Every line of the listing is to be printed again exactly.

▶ Given information:
____________

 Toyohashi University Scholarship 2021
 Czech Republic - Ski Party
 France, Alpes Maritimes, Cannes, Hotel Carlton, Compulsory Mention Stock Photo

____________

▶ Solution for this exercise:
 Toyohashi University Scholarship 2021
 Czech Republic - Ski Party
 France, Alpes Maritimes, Cannes, Hotel Carlton, Compulsory Mention Stock Photo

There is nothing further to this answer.